Unlike Hill, Broverman is not currently using contraceptives. She tried the NuvaRing and implant methods in the past, but disliked both. Broverman said she would like to continue searching for a form of birth control that works well with her body, but due to staggering costs associated with doctor visits and prescriptions, she is not able to do so without insurance.

“[If I had insurance] I’d just be trying different kinds to see what my body would be best with,” she said.

While she occasionally visits walk-in clinics like MedExpress Urgent Care for issues she cannot manage herself, Broverman often finds herself looking for cheaper solutions to pacify potentially serious health conditions. “I’ve tried all kinds of home remedies and DIY to fix actual medical issues,” she said. “This is what people in Third World countries do, and I’m an hour away from Pittsburgh.”

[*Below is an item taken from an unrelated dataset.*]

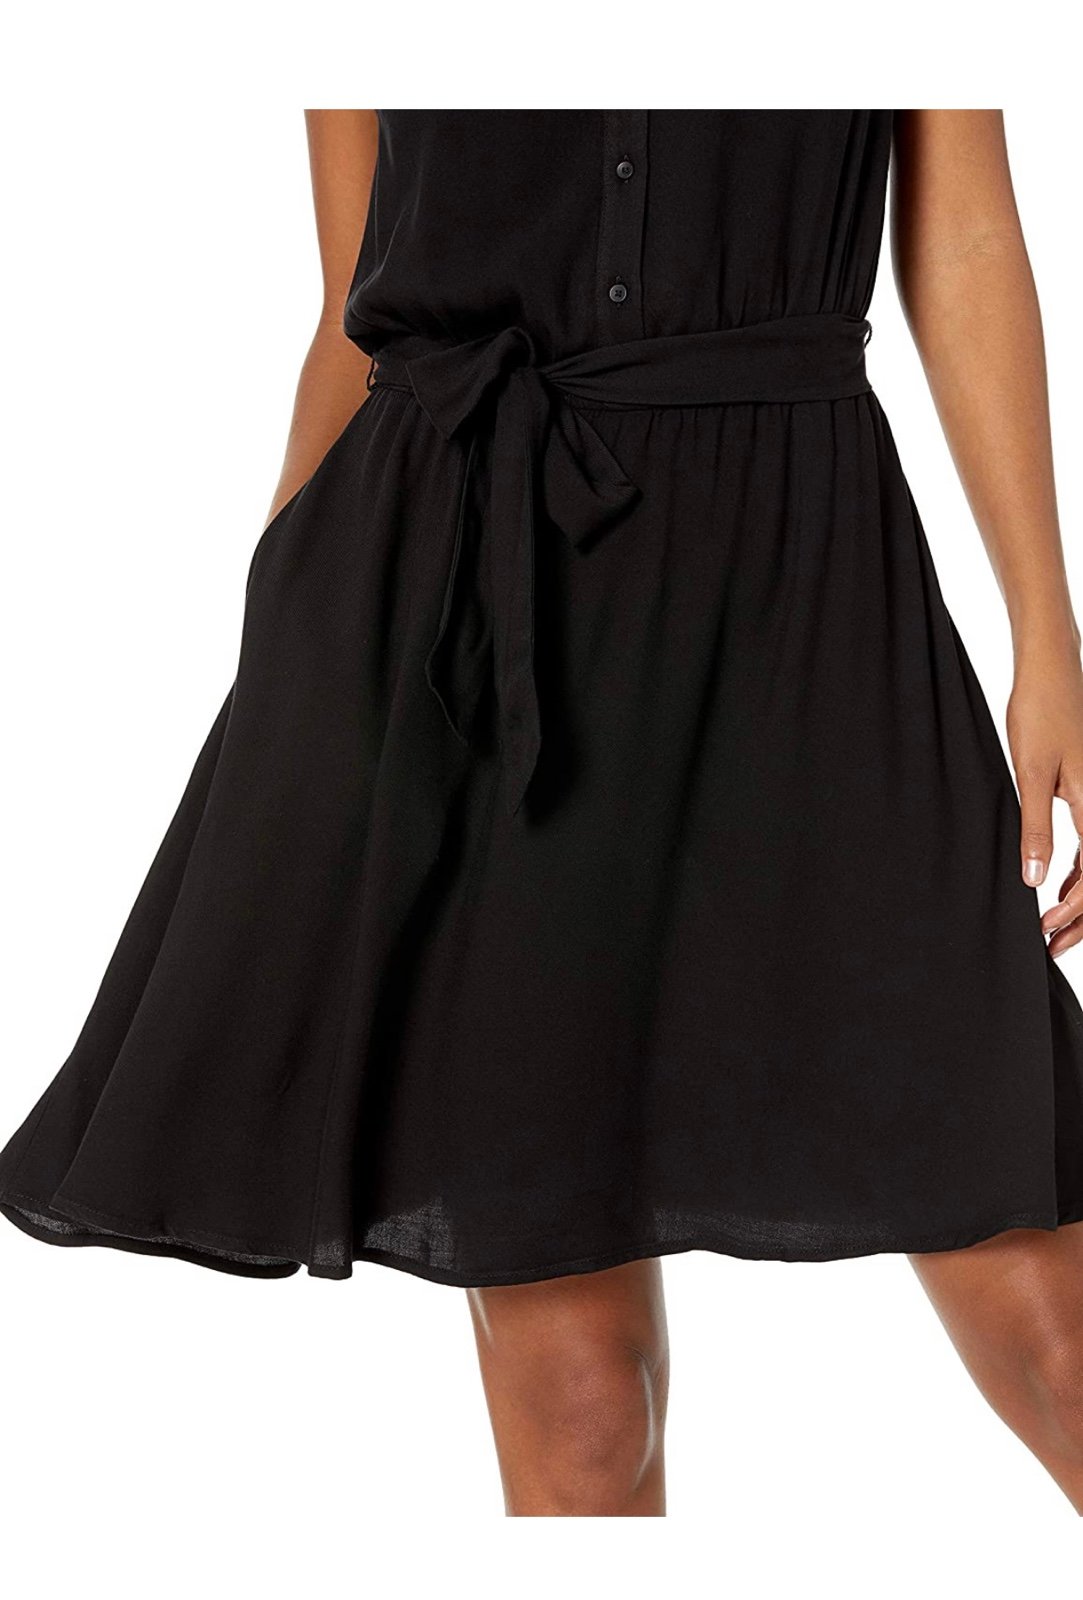 Wholesale price Amazon Essentials Women´s Sleeveless Woven Shirt Dress KQ9VX3FRL Online Shop

From black lung disease to opioid overdoses, West Virginia is not known for producing healthy residents. A national comparison of general health rates and the percentage of individuals who utilize health care services currently ranks West Virginia 46th.

Even with two MedExpress centers and the health department nearby, Broverman knows the difference between being close to care and having the financial means to actually access it.

She said: “We all have access to get into a hospital or to meet Matthew McConaughey, but that doesn’t mean we’re going to be able to meet him.”